Even more, Levine’s piece came close on the heels of an advertising blitz by the labor-funded group Working for Us that targeted Khanna with a photo of him on a flyer decrying outsourcing. The ads are being seen as a racially coded dog-whistle to xenophobia and racism, and one may wonder as to the optics of a Pando piece targeting the only two candidates in a diverse race that happen to be Hindu and of Indian origin.
While Levine extensively interviewed and quotes leaders of an Indian Muslim group that actively worked to oppose the Hindus in the race, Levine made no attempt to contact staff or co-founders of the Foundation that he went on to malign. HAF was denied agency in Levine’s reportage, and his polemic contentions go uncontested. A dialogue with Levine was begun, yet he refused to add an addendum to his piece nor correct errors of fact. Herein is an initial effort to give voice to a perspective shunned:
Accusations Against the Hindu American Foundation
Levine:“HAF is a US lobby outfit created with the ostensible goal of fighting misconceptions and helping Americans understand Hinduism.”

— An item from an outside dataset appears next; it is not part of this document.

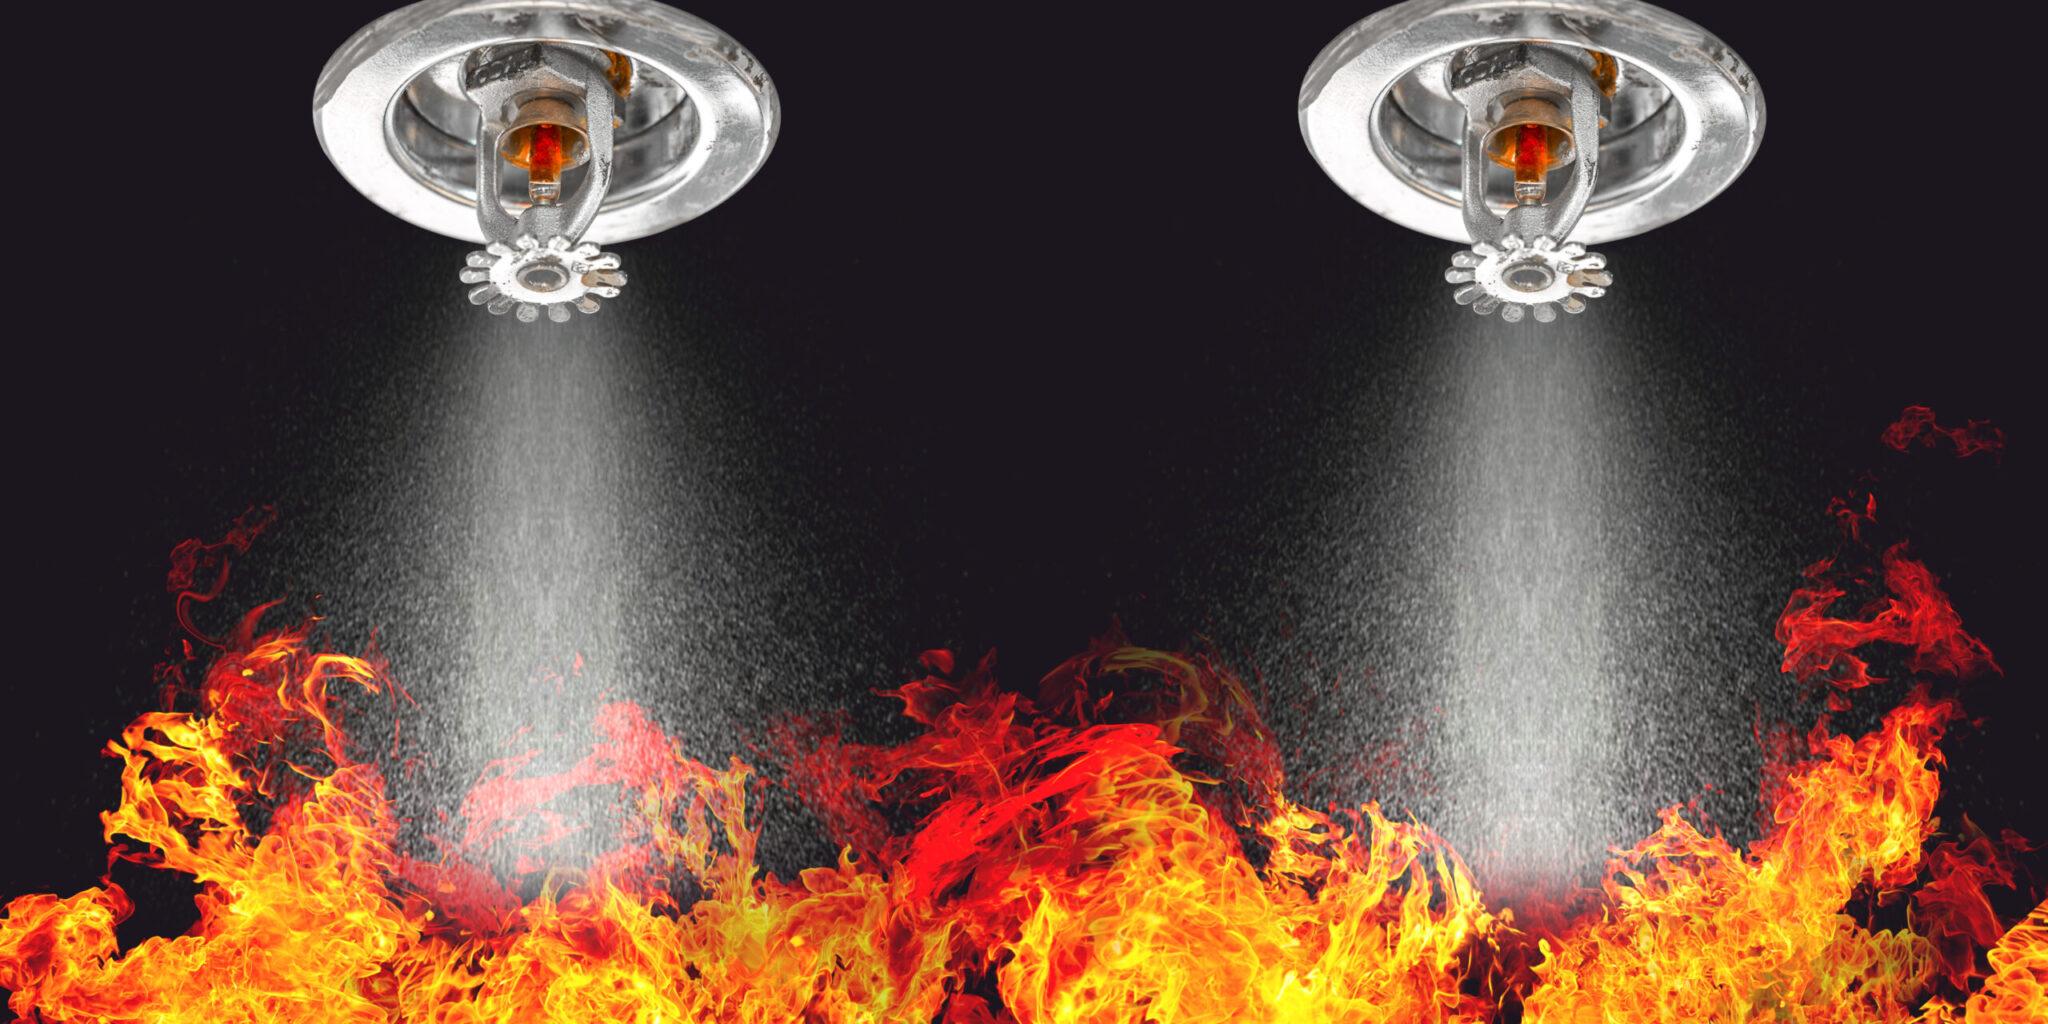 Fire Sprinklers Spraying

HAF is a 501(c)3 advocacy organization and the only Hindu organization to be professionally staffed (8 full-time staff) with a permanent office in Washington D.C. Misrepresentation of the Foundation’s work as lobbying puts the the organization’s tax-exempt status in jeopardy and Levine should have known better.

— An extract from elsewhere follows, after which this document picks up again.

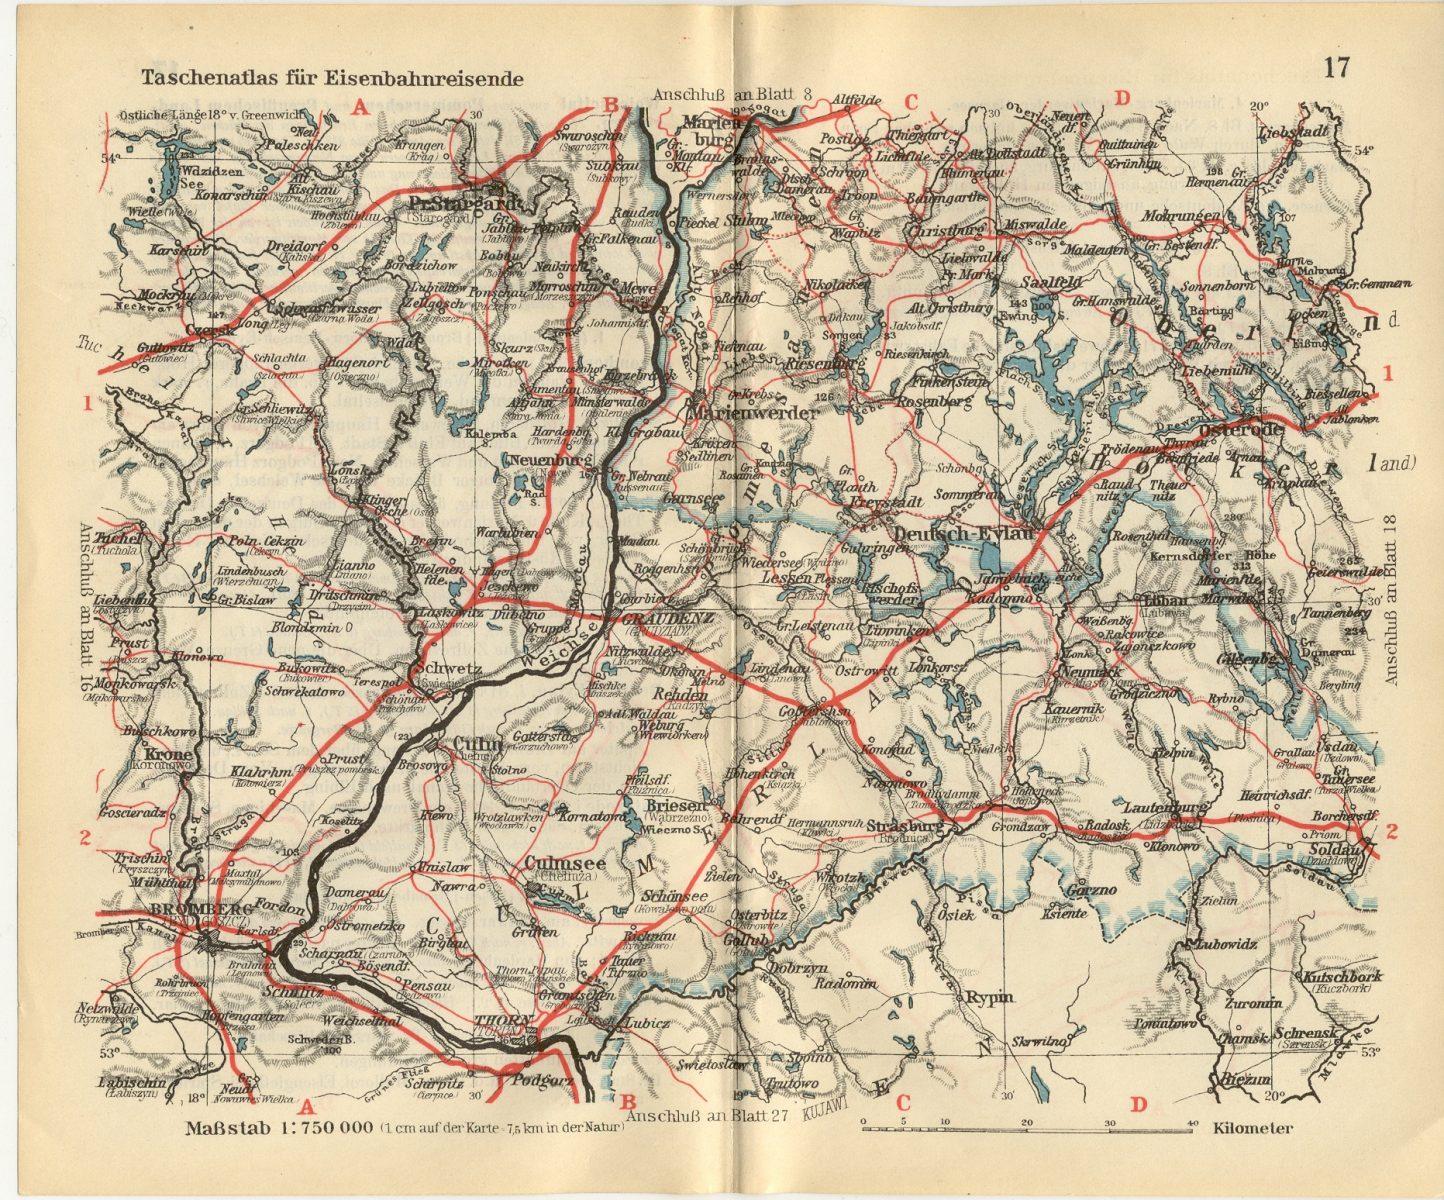 Eisenbahnkarte Culmsee Taschenatlas 1925

For eleven years, the Foundation has published a guide on the basics of Hinduism and a media toolkit and advocated for such non-controversial resolutions as Hindu American Awareness & Appreciation Month or Congressional Diwali Resolutions. After the Foundation launched the highly successful campaign to educate Americans about the Hindu roots of yoga, the New York Times described HAF as the “the first major national advocacy group looking at Hindu identity.” Levine may term such tangible activities as “ostensible,” but HAF’s record does render such epithets a bit trite.
Levine: ““But the group [HAF] has a strong Hindu fundamentalist bent, and extensive ties to India’s Hindu supremacists.”
To buttress this sensational claim of fundamentalism, Levine links an article by the writer Zahir Janmohamed — who is a long-time critic of HAF, but whose piece is actually much more nuanced than Levine’s effort. And while Levine did not mention that Janmohamed specifically lauded HAF’s advocacy work and the need for HAF”s advocacy on behalf of two million Hindu Americans,he also failed to link or mention a piece that Suhag Shukla, Esq., HAF’s Co-Founder and full-time Philadelphia-based Executive Director and Legal Counsel, wrote in the same Indian news outlet rebutting the very accusations of extremism that Levine parrots.
It would be quite a progressive strain of Hindu fundamentalism or extremism that would allow HAF to adopt such “extremist” positions as supporting marriage equality, releasing a position paper on a Hindu understanding of homosexuality, condemning Indian laws criminalizing homosexual relations , joining diverse coalitions in support of access to contraception, releasing an annual Hindu human rights report or affirming the ideal of religious liberty. Nor has HAF ever called for a Hindu nation or state or any type of “Hindu law” to guide daily life. If HAF was the face of Hindu fundamentalism — whatever that really means — should any candidate run away from those positions?
Levine: “Khanna courted the pro-Modi Indian-American community and spoke at Hindu American Foundation (HAF) events.”
When Khanna spoke at an HAF sponsored event, he only joined dozens of serving members of Congress. Last September, U.S. Representatives Honda, Tulsi Gabbard, Eric Swalwell, candidate for Congress Khanna, CA State Senate Majority Leader Ellen Corbett, and other elected officials attended HAF’s annual Northern California Gala Dinner. Click here for a short video of that event. HAF has also worked with Congressman Ed Royce and this year, HAF worked closely with Congressman Honda’s office to introduce the Freedom of Faith Act that makes permanent the Religious Worker visa program.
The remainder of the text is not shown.